One longtime tenant who suffered worse than most is Cynthia Chaffee. We first became acquainted in 2010, after Amy and I moved out of our apartment and started a short-lived Facebook page dedicated to the more memorable experiences of living in a Croman-owned property. Chaffee messaged me way back when to commiserate and invite us to join her in petitioning the state to investigate a man she believed to be not just sleazy but also criminal.
A four-decade resident of 346 East 18th Street, Chaffee started a website of her own, the Stop Croman Coalition, which is an up-to-date index of Manhattan real estate misfortune and/or scumminess spanning over a decade.
Some of the incidents appear merely tragic, such as a 2003 electrical fire at 340 East 18th Street, started by a spark in a power strip, which left 21 year-old Isabelle Heina with burns on 50 percent of her body and others hospitalized from smoke inhalation.
Others must be terrible coincidences. In 2011, Adam Berk and Karen Kushkin, a couple in the East Village, went out to celebrate a rare victory against Croman: a $2,850 default judgment issued against him over their East 7th Street ground-floor apartment. When they got home, their place had been burgled and arsoned. Their Labradoodle, Foster, died of smoke inhalation and burns in a vet’s clinic eight days later.
“He just ruined my life completely,” Chaffee recalls of Croman. “I was a young person, about 25, when I moved in here. Now I’m 64. I’d move but I can’t afford to. So instead, I’ve fought this guy since he bought my building in 1999.”
Croman took Chaffee to court three times since 2010 for non-payment of rent when she paid in full and on time and has the cashed checks—copies of which are now with Schneiderman’s office, appended to her affidavit—to prove it. Yet the bogus claims of being in arrears continued into 2016, two years after New York began investigating Croman’s real estate practices. “Our rent check for this January was $26,135.89. We don’t owe him 26 cents.”

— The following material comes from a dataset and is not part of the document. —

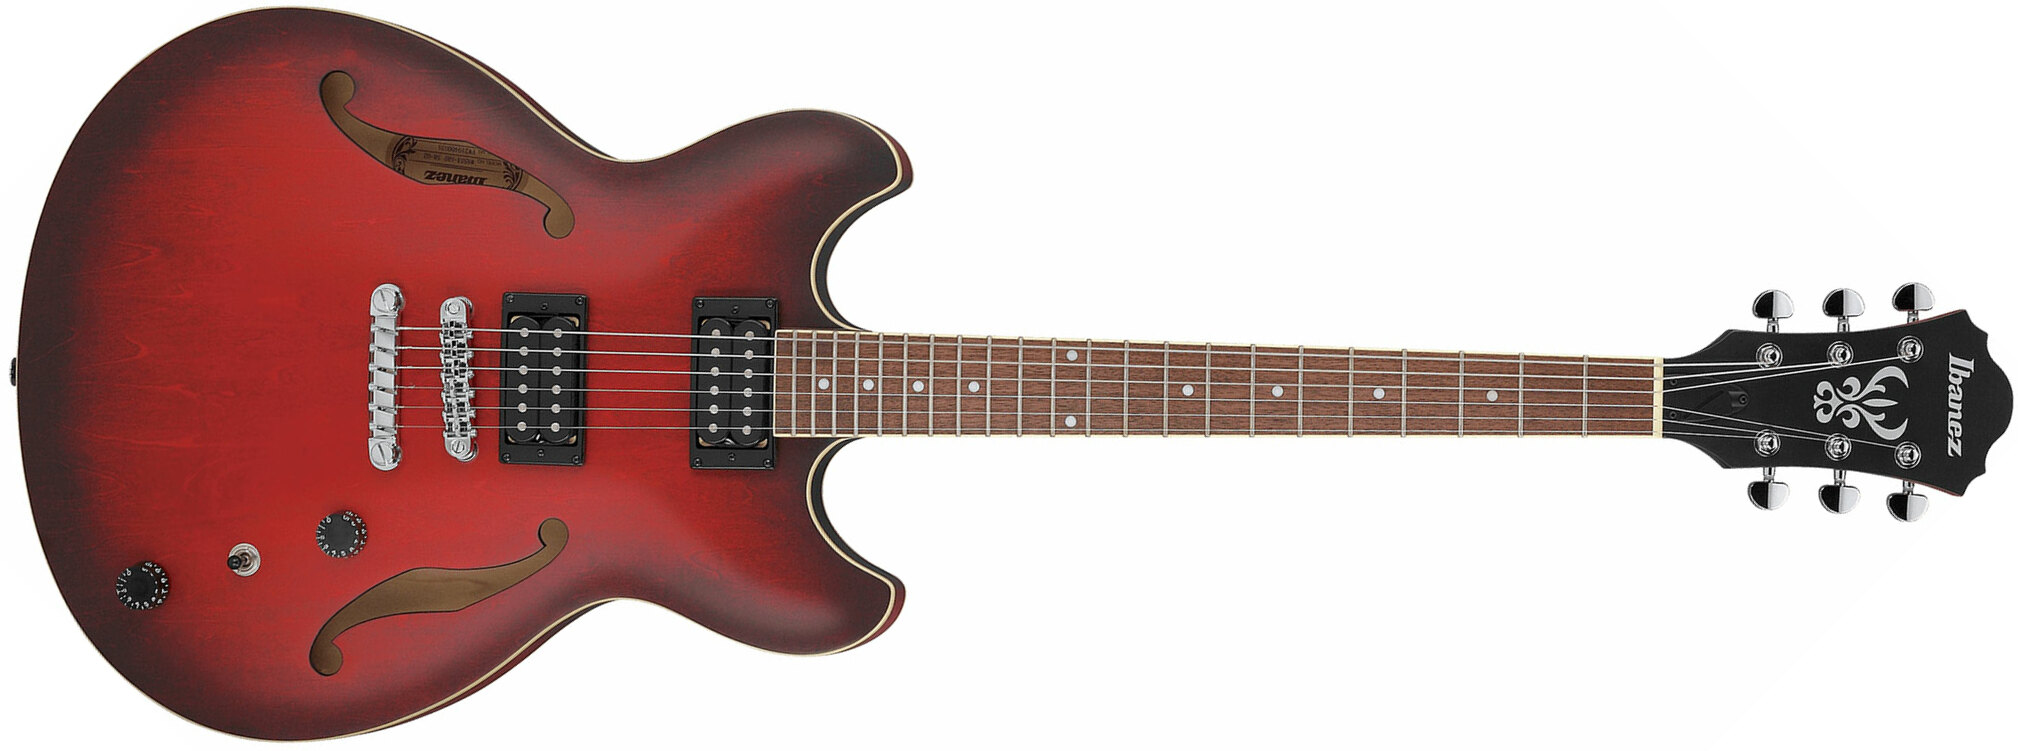 Ibanez As53 Srf Artcore Hh Ht Noy - Sunburst Red Flat - Semi hollow elektriche gitaar - Main picture

This strong-arm tactic of frivolous litigation was coupled with unlivable conditions. From October to December 2011, Chaffee had no gas in her apartment. From January 2011 to September 2013, no heat or hot water. From January to March 2013, only two working electrical outlets, owing to cascading water pouring down from the upstairs unit—and out of her light fixtures. A video on her Stop Croman website carries a creepily familiar scene: Tupperware containers filled with a disgusting, brown liquid dripping down into her kitchen from the ceiling.

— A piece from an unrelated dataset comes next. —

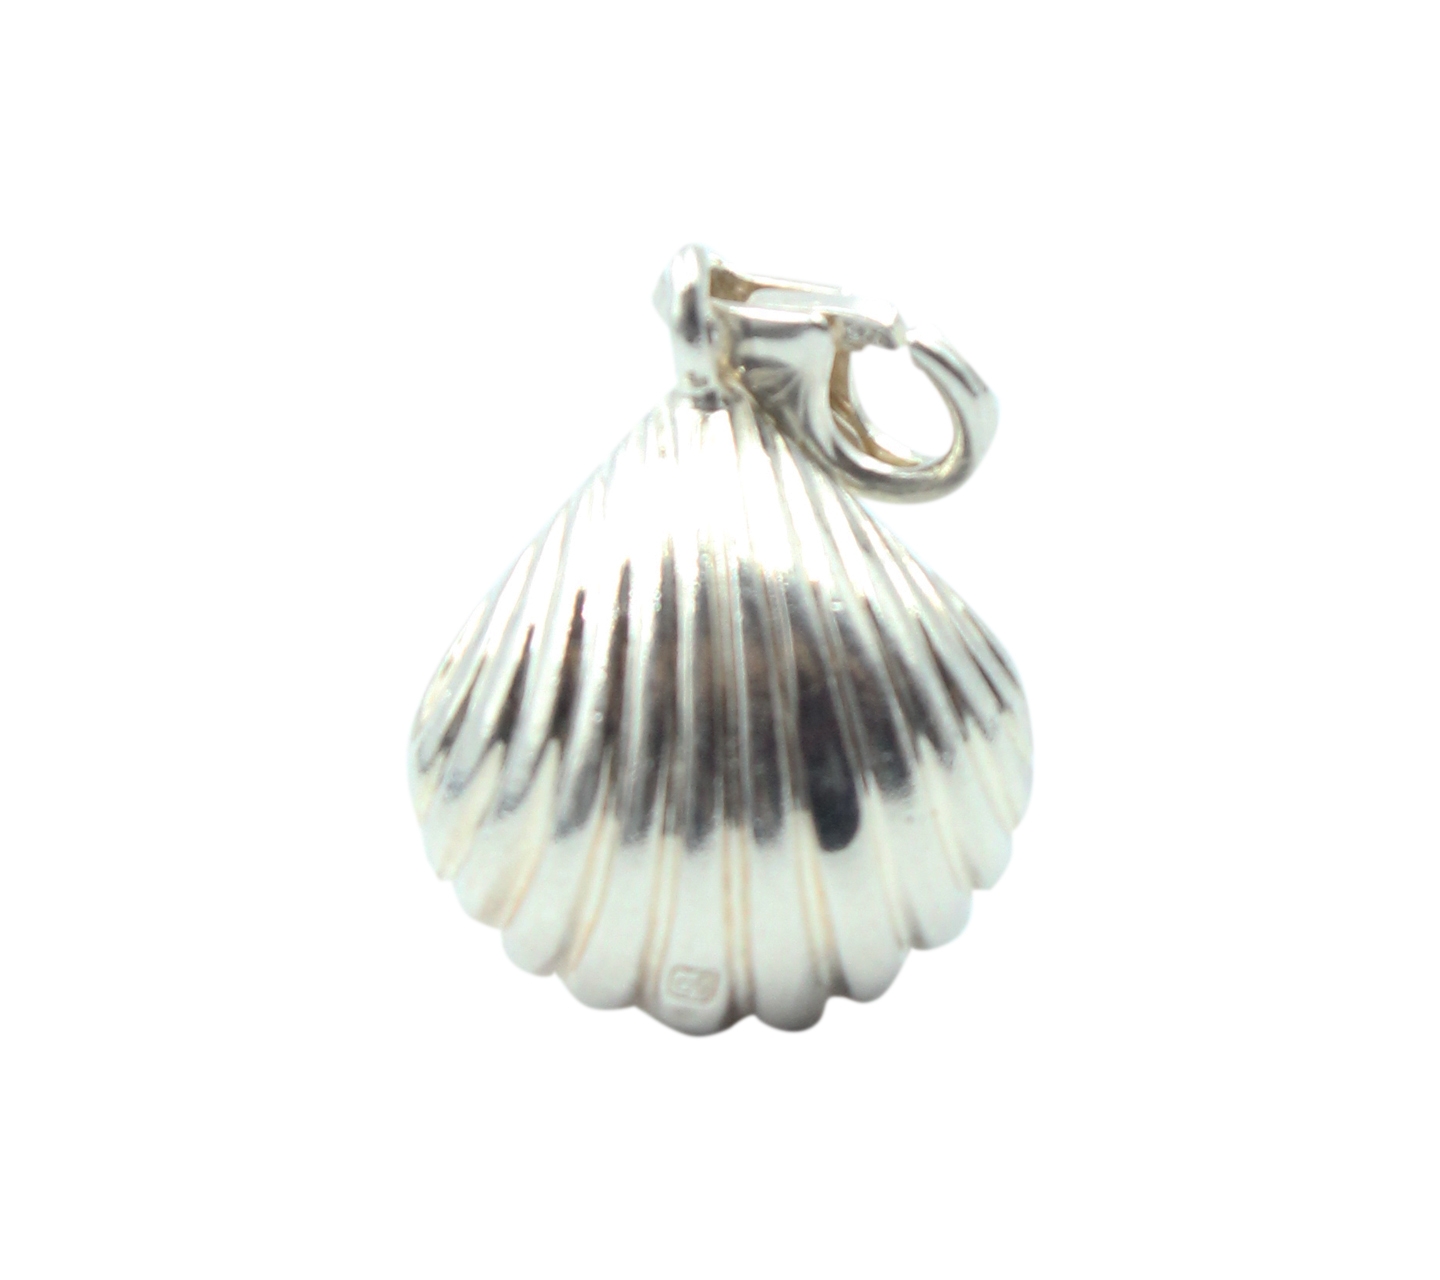 Thomas Sabo Silver Seashell Charm Jewelry

Then there are the physical side effects of living in a Croman property. “I’ve been disabled over the last few years,” Chaffee says. “The dust from the unfinished renovations choked the hell out of me. My husband and I were breathing this stuff in for so long.”
The man Schneiderman called the “Bernie Madoff of landlords” was out on $500,000 cash bail on Monday, but if convicted he could face 25 years in prison. He has pleaded not guilty.
Unsurprisingly, when she answered the phone last night, Chaffee was buoyant. “Today was beyond even my dreams. Croman once said I was his worst tenant. I intend to live up to that expectation.”